Johnson & Johnson once again delivered higher-than-expected profits in the first quarter, driven largely by its high-priced cancer drugs and expanding pharmaceutical portfolio — a familiar story in an industry known more for profit margins than affordability.
The company increased its revenue forecast for the year by $700 million, crediting part of the gain to its recent acquisition of the schizophrenia drug Caplyta. Despite the financial boost, J&J kept its profit forecast flat, citing costs from new U.S. tariffs and its $14.6 billion acquisition of biotech firm Intra-Cellular — another costly deal in an industry where consolidation often means fewer choices and higher prices for patients.
This earnings release comes just as U.S. officials are moving to impose stricter trade barriers on countries like China, which supplies a large portion of the active ingredients in American medications. The move, framed as a national security measure, is also raising questions about just how dependent the U.S. has become on foreign manufacturing to fuel domestic drug profits.
Even so, J&J is pressing ahead, now projecting full-year adjusted earnings per share between $10.50 and $10.70, despite estimating around $400 million in additional tariff-related costs — largely absorbed by its medical device division. The company also noted a 25-cent-per-share impact from its Intra-Cellular purchase, suggesting that even multibillion-dollar acquisitions are viewed as manageable bumps in the road when profits are this high.
Some of the tariffs affecting J&J’s supply chain have been temporarily suspended for 90 days, but long-term strategies remain unclear — both for companies and for the patients who ultimately bear the costs of these disruptions.
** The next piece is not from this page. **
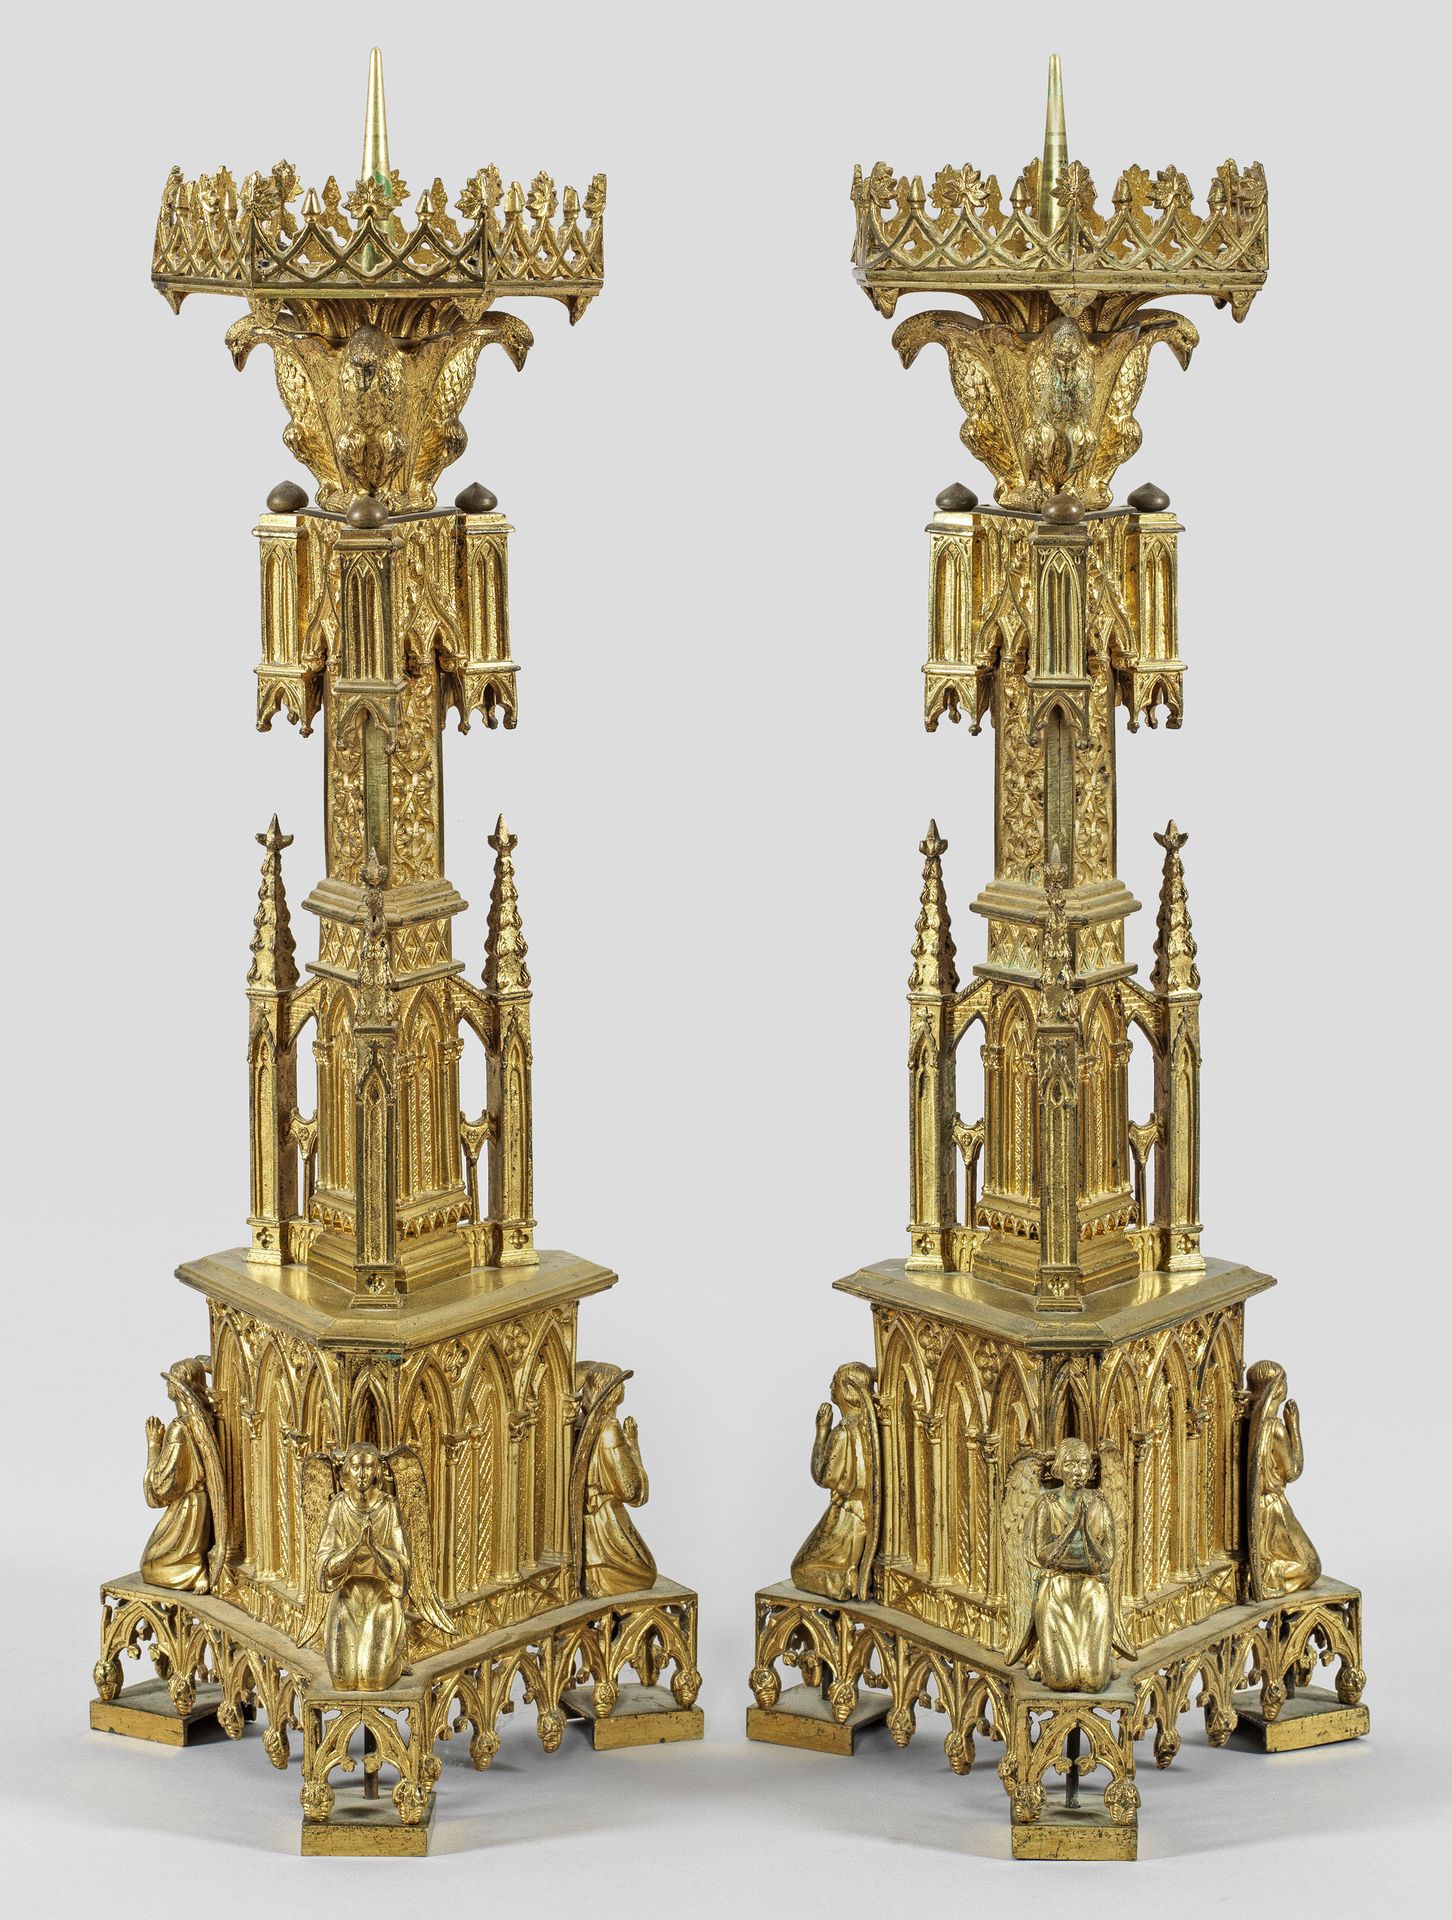 Null 一对大型新哥特式祭坛烛台，单灯；黄铜，镀金。阶梯式上升的烛身采用了大教堂的建筑元素，如尖拱和桁架，两侧是雕刻精美的天使形象和尖塔。檐碗由上方的鹰支撑，&hellip;

Shares of the company dipped slightly in premarket trading but remain up nearly 7% on the year. That’s no surprise, considering pharmaceutical stocks have largely been insulated from the latest wave of tariffs, a reminder of how often the industry escapes broader economic pressures that affect others.
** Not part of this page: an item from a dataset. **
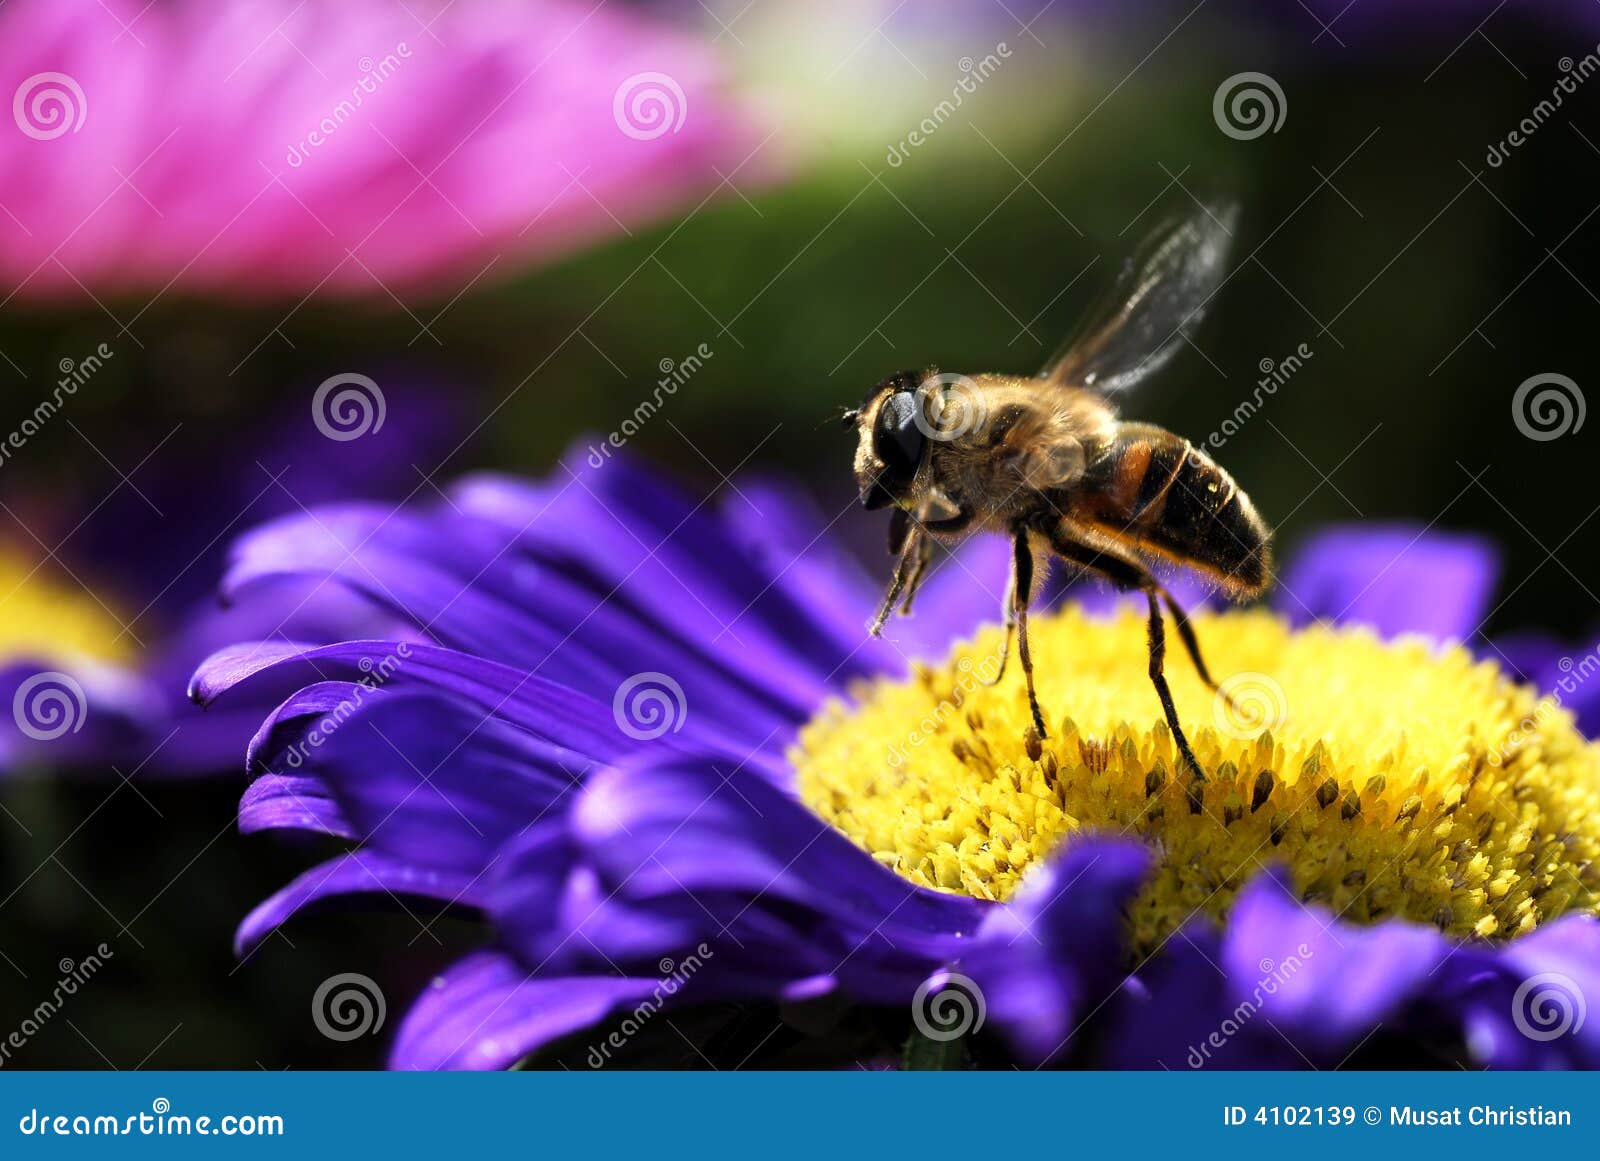 honey bee in flight

Revenue for the quarter climbed to $21.89 billion, a 2.4% increase from last year and ahead of Wall Street estimates. Adjusted earnings hit $2.77 per share — comfortably beating expectations — thanks mostly to continued growth in high-cost prescription drugs.
Pharmaceutical sales came in at $13.87 billion, surpassing forecasts, while medical device revenue rose modestly to $8.02 billion, falling just short of estimates. But with sales and earnings continuing to rise, the real question isn’t how well these companies are doing — it’s at what cost to public health, transparency, and affordability.
This is proof that the pharmaceutical industry isn’t built to cure you — it’s built to keep you dependent. It’s a profit-driven machine that thrives on lifelong customers, not healthy, healed individuals. True healing rarely comes from a pill bottle; it comes from aligning with nature and turning to the remedies God has already provided — herbs, whole foods, rest, sunlight, and a lifestyle rooted in balance. More importantly, lasting wellness begins with the Word of God. When we live by His principles, nourish our bodies with what He created, and put our faith in His promises, we find a kind of healing no corporation can sell. Real health isn’t bought — it’s lived, through the truth of God’s word.